# Was ist das für eine Farbe?



## pking (13. Februar 2006)

Hallo,

Was ist das für eine Farbe im unten im Anhang?


Grau ist z.B:

H8000000F 

Und was ist das für eine Farbe?


----------



## Dennis Wronka (13. Februar 2006)

Ganz klar, dass ist eine Mischung aus Hustensaft und Torf.


----------



## Leola13 (13. Februar 2006)

Hai,


AnnaVis Farbwert

Ciao Stefan

Dennis ! ;-]  Hustensaft ist rot.


----------



## Dennis Wronka (13. Februar 2006)

Leola13 hat gesagt.:
			
		

> Dennis ! ;-]  Hustensaft ist rot.


Aber doch nicht jeder, oder?

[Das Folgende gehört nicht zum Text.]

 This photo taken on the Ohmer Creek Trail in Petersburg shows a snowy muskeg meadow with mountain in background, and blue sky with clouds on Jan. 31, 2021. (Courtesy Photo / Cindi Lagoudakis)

Ausserdem sagte ich ja, dass es eine Mischung aus Hustensaft und Torf ist. Offensichtlich mit hohem Anteil an Torf.


----------



## thecamillo (13. Februar 2006)

pking hat gesagt.:
			
		

> Hallo,
> 
> Was ist das für eine Farbe im unten im Anhang?
> 
> ...




H8000000F ist die hexdez der Farbe Grau

Neuer Rekord: 4 sec in Google! Muha!


----------



## Azrael Crusader (13. Februar 2006)

Mal ne dumme Frage nebenbei, kann ich nicht in Photoshop den farbcode rauskriegen, indem ich mit der Pipette auf die Farbe klicke und dann auf das Farbkästchen der Vordergrundfarbe klicke? Da steht doch dann der Hexacode...


----------



## Leola13 (13. Februar 2006)

Hai,



			
				Azrael Crusader hat gesagt.:
			
		

> Mal ne dumme Frage nebenbei, kann ich nicht in Photoshop den farbcode rauskriegen, indem ich mit der Pipette auf die Farbe klicke und dann auf das Farbkästchen der Vordergrundfarbe klicke? Da steht doch dann der Hexacode...

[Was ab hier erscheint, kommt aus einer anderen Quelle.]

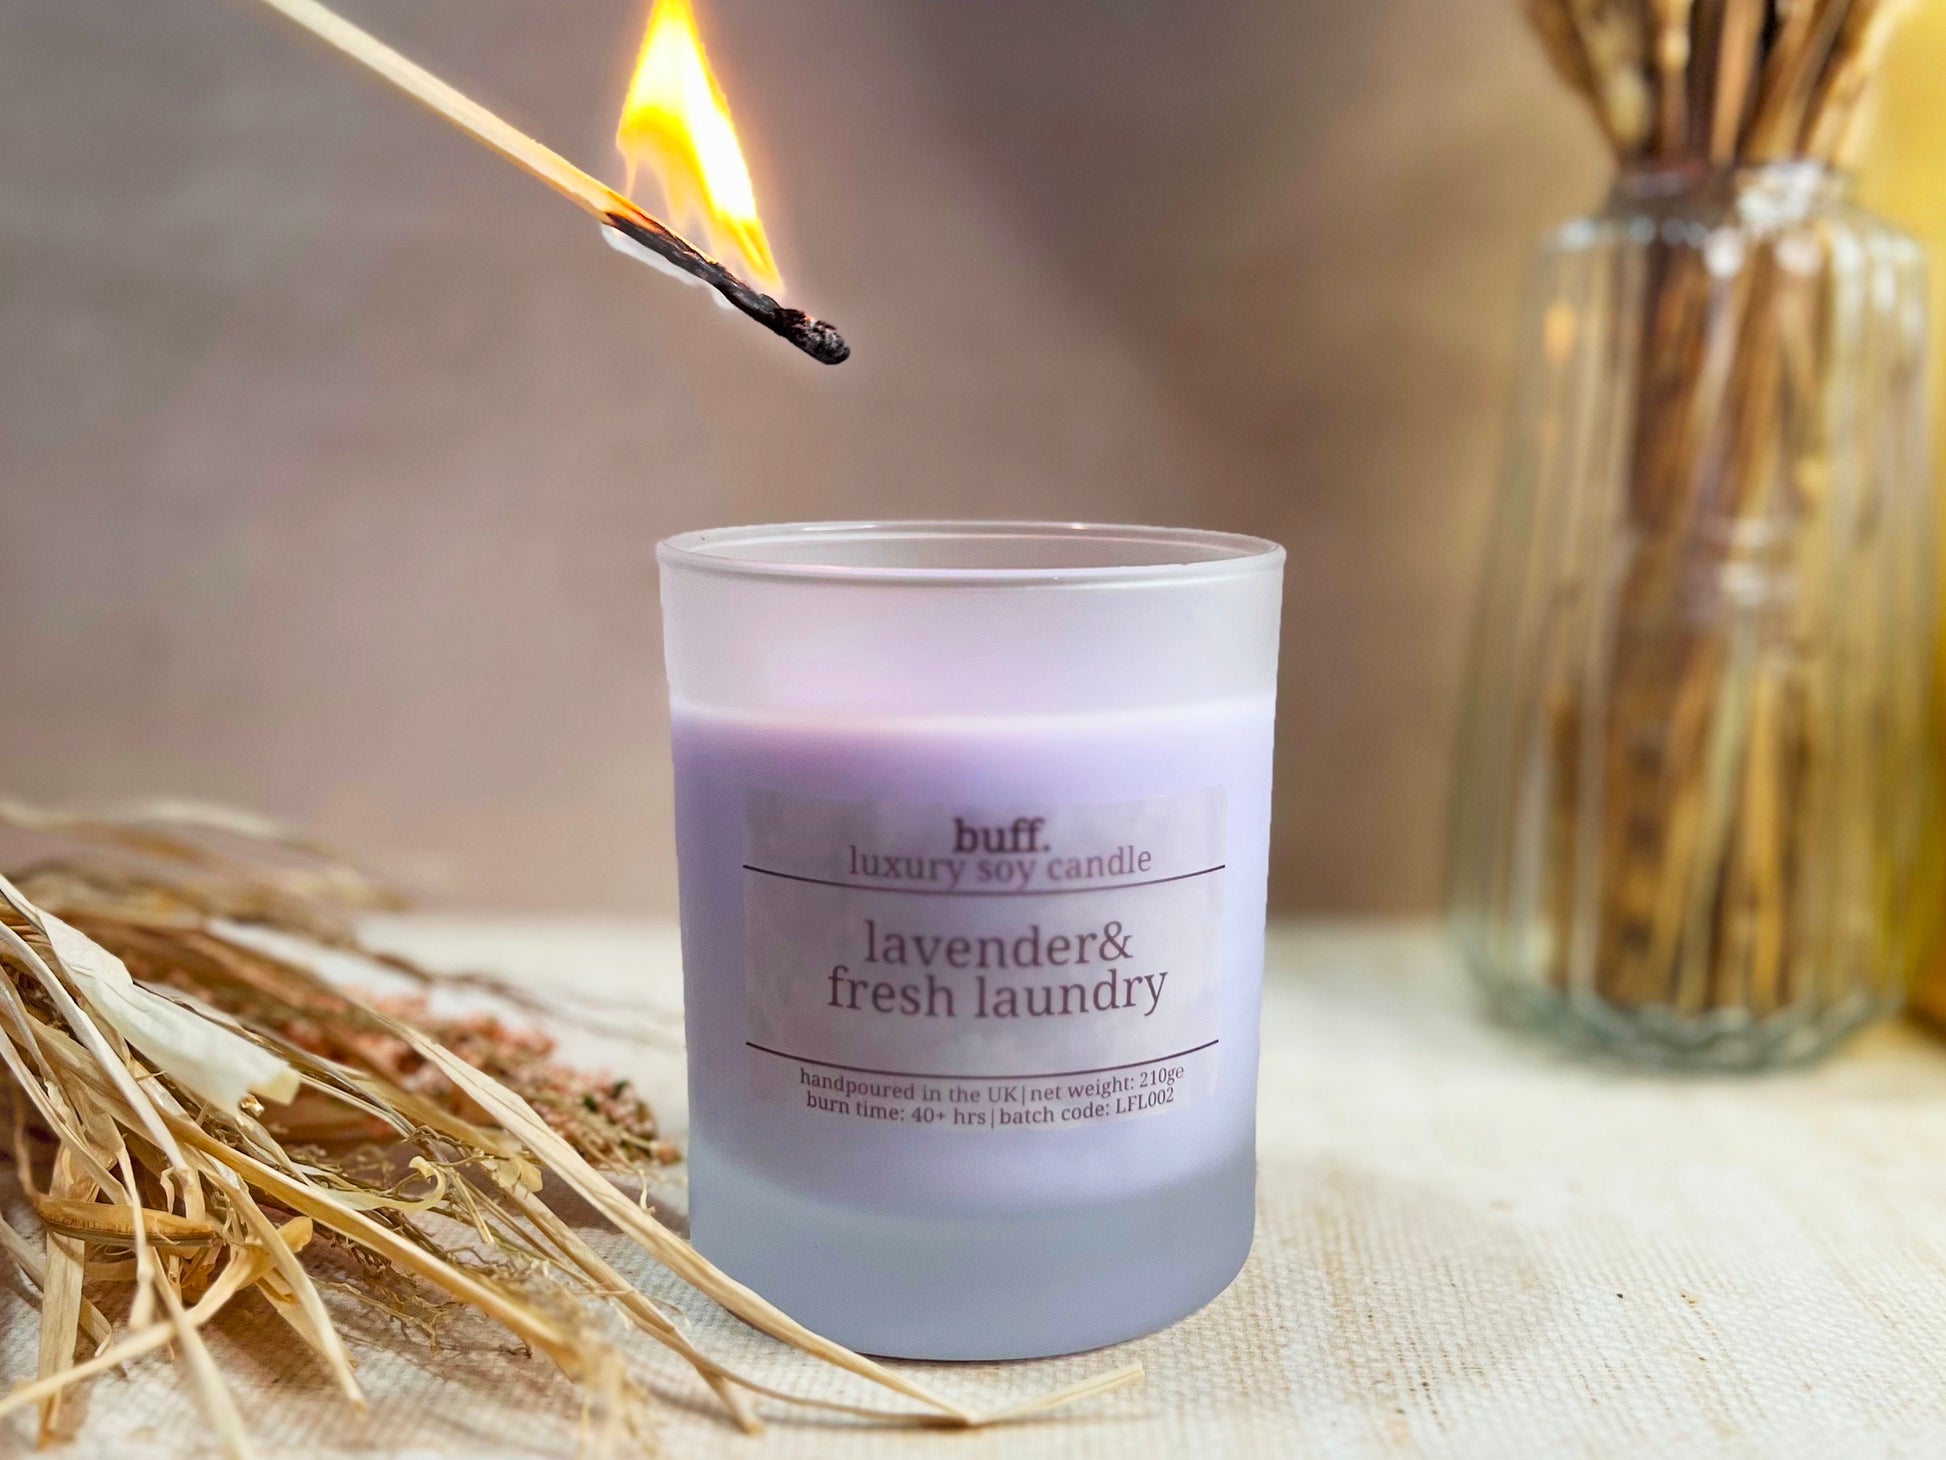 Lavender and Fresh Laundry soy wax candle in frosted glass

Das wäre aber doch zu einfach, oder ?

Ciao Stefan


----------



## thecamillo (13. Februar 2006)

Seid gegrüßt ehrwürdiger Meister Joda,

sicherlich ist euch nicht entgangen um welch prikäre Angelegenheit es sich hierbei handelt? Wir veruchen den jungen pking nur auf den rechten Pfad zurückzuführen, denn offensichtlich bereitet er sich darauf vor, die dunkle Seite zu ergründen. 

Wie immer habt ihr natürlich vollkommen Recht. Und obgelich pkings Verlangen, die Macht der dunklen Seite zu kosten, verpüre ich die Präsenz einer noch gefährlicheren Macht: ........Die Grauzone!

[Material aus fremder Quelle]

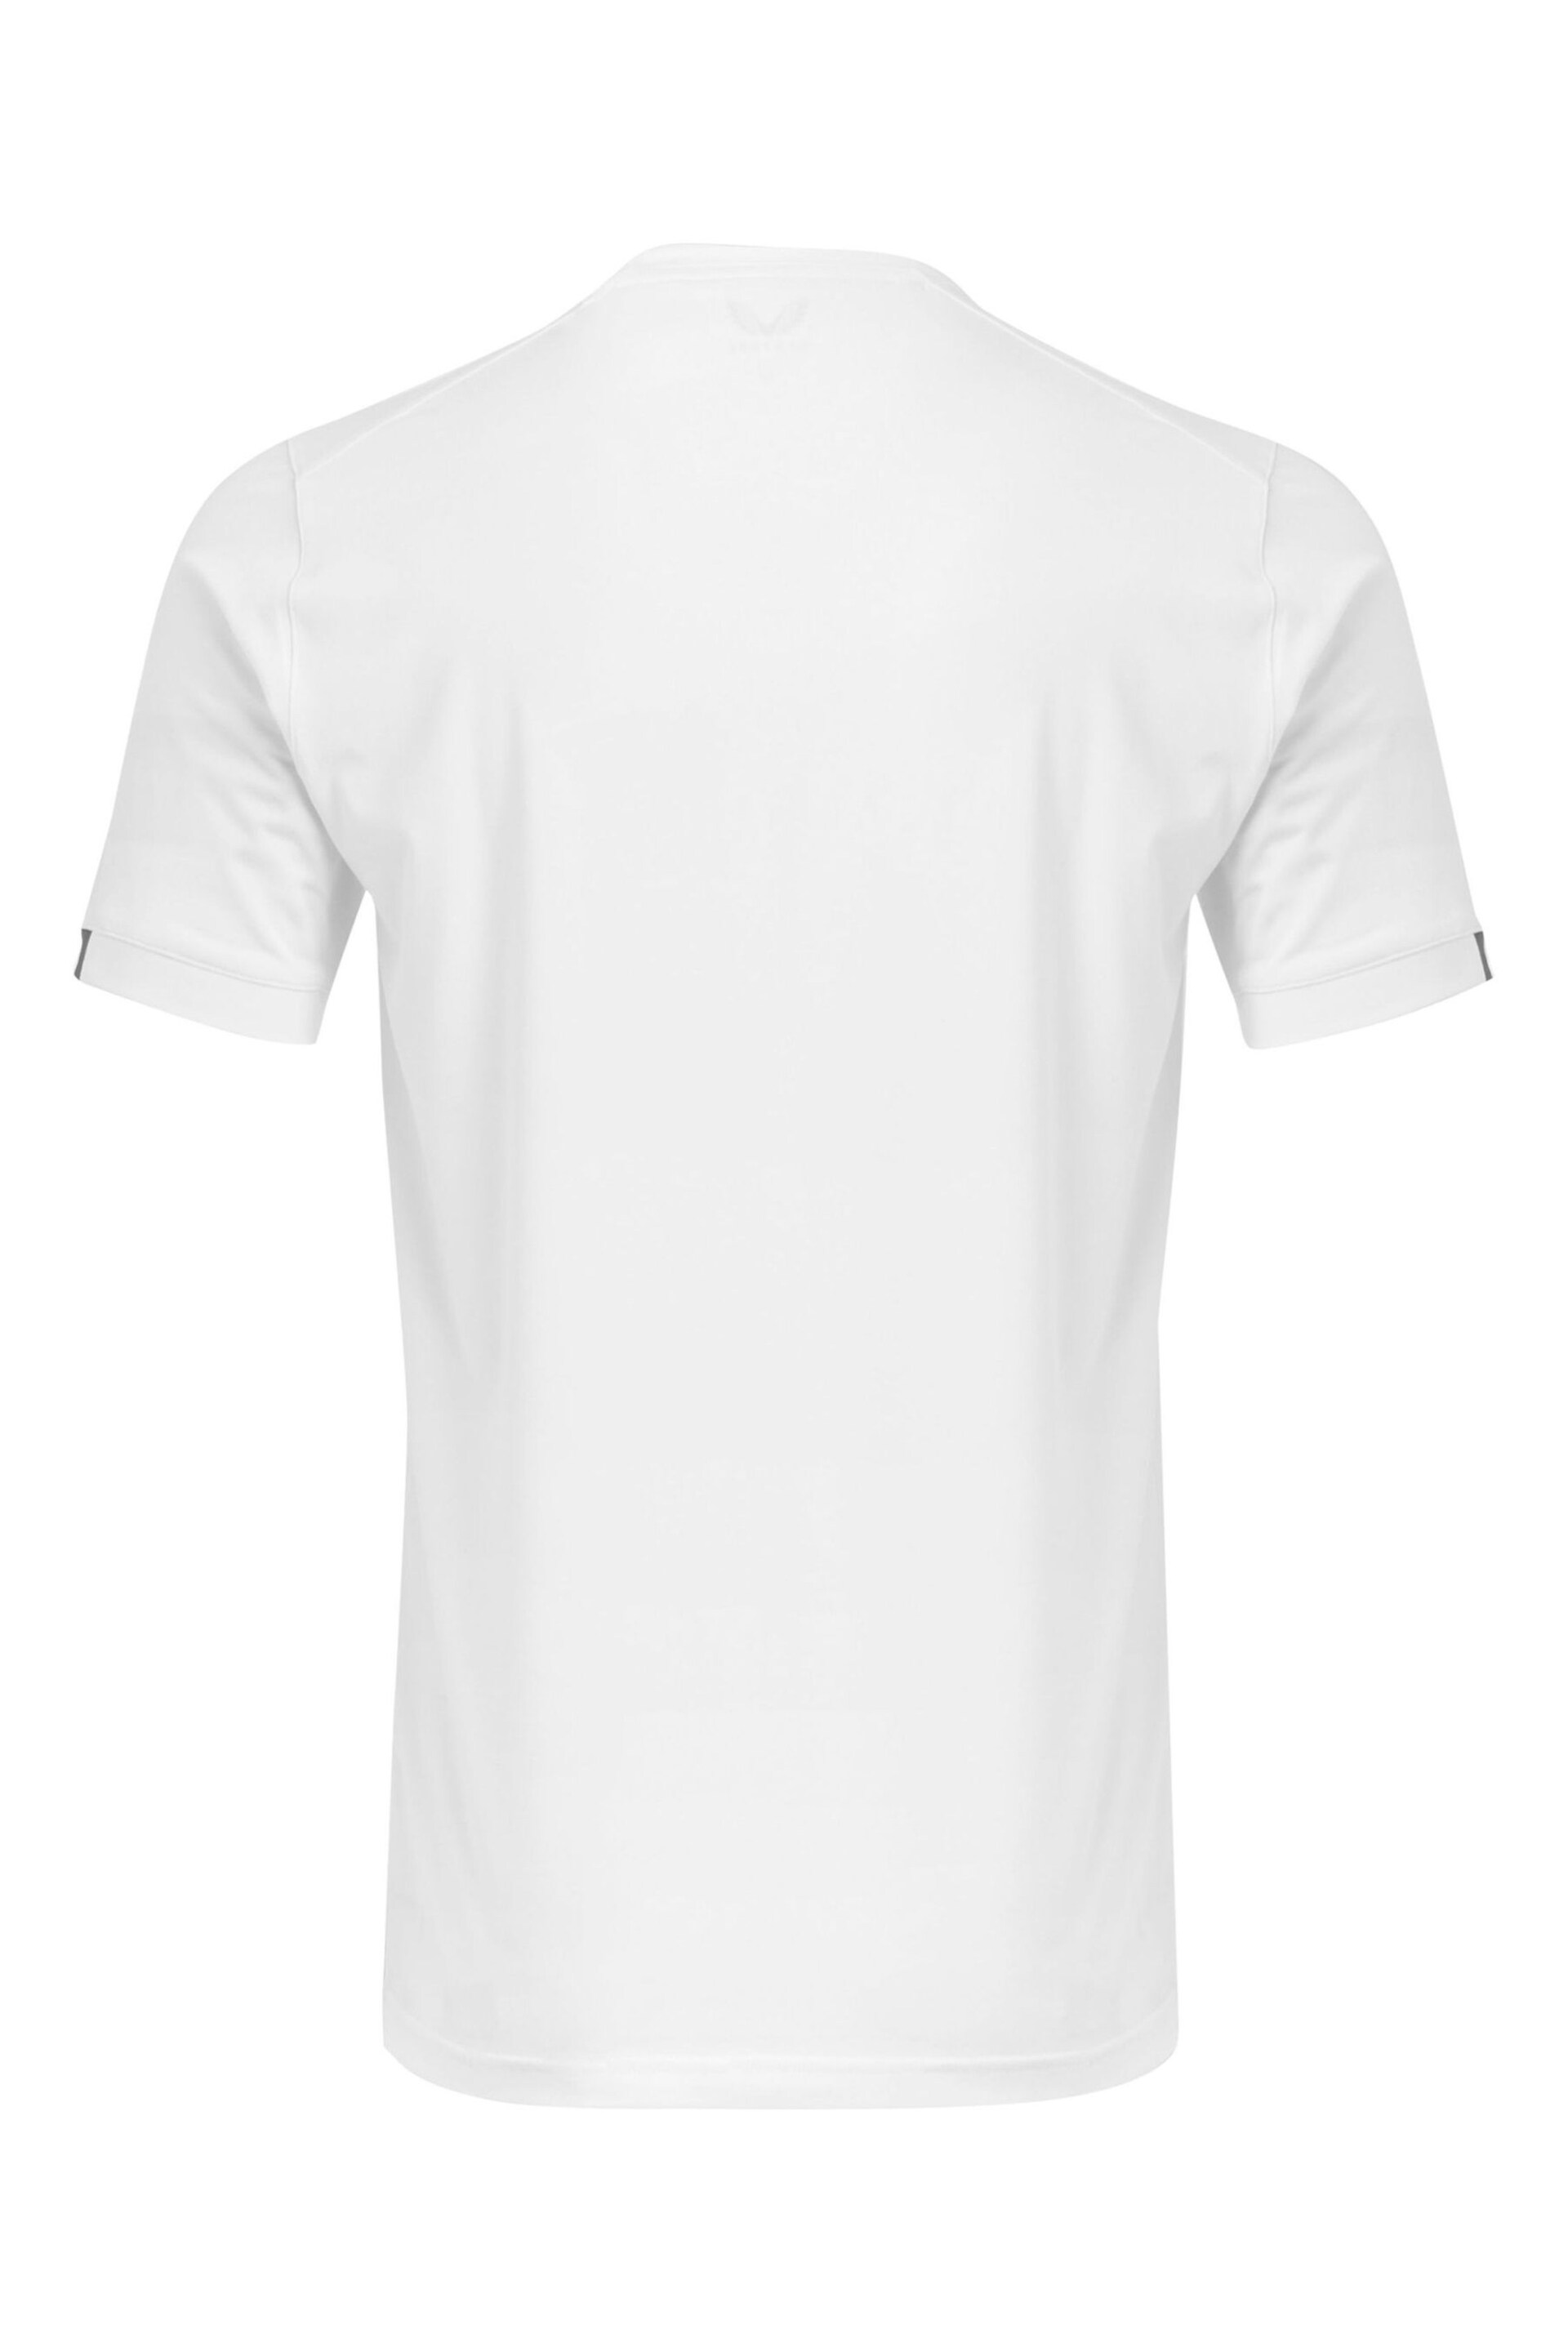 Castore Glasgow Rangers Players Travel White T-Shirt - Image 3 of 3

Möge die Macht euch leiten.


----------



## thecamillo (13. Februar 2006)

Leola13 hat gesagt.:
			
		

> Hai,
> 
> 
> 
> ...



Ganz genau, wo bleibt denn da der Spass, wenn man auf alles gleich die Richtige Antwort parrat hat!


----------



## Azrael Crusader (13. Februar 2006)

@ camillo 

Danken ich euch junger Padawan,

verstehen ich das Problem jetzt. Schlecht die dunkle Seite ist. Farben ein Jedi lernen muss...


PS: Yoda schreibt sich mit Y...


----------



## ikon (14. Februar 2006)

Täusch ich mich oder haben hexadezimale Beschreibungen von Farben nicht immer 6 und keine 9 Stellen?


----------



## thecamillo (15. Februar 2006)

Hi ikon,

sicherlich ist dir nicht entgangen, dass es noch mehr Anwendungsmöglichkeiten für hexadezimale Farbzuweisung gibt. So ist es auf hiermit. Die haxadezimale Anordnung

H8000000F

ist eine in VisualBasic angewandte Farbnummern- Kombinationszuweisung nach RGB bzw. umgekehrt, meist verwendet für Schaltflächen iniziert mit _vbButtonFace _.

Aus Photoshop kennen wir lediglich eine 6stellige Hexadezimalanordnung, welche aber x-belibig erweitert werden kann. Man hat ja schon den Vorschlag gemacht, für die angehängte Grafik, in Photoshop die Pipette zu benutzen. 

Wenn pking aber jetzt in VB arbeiten will, kann es sein, dass er mit einer 6stelligen Kombination nicht weit kommt. Da ich mich was VBCoding anbelangt nicht auskenne, distanziere ich mich von intelligentgemeinten Aussagen, welche ich mir selbst aus den Fingern saugen könnte - *Deshalb habe ich auch Google benutzt *und bin eben so auf diese Antwort hingeführt worden.

MfG thecamillo


----------



## tschimo (27. März 2006)

Hallo

Erstens ist es kein Problem den Farbcode im Photoshop herauszufinden. 

Schritt 1 : Das Bild in Photoshop kopieren 
Schritt 2 : Den Colorpicker öffnen ( In Toolmenü eine der beiden Farben anklicken ( D drücken dan sind si Schwarz und Weiss) )
Schritt 3 : die gewünschte Farbe anklicken und voila

Zu deiner Frage:

444C3D <- ist der Hex Farbcode deiner Anhang Datei.


----------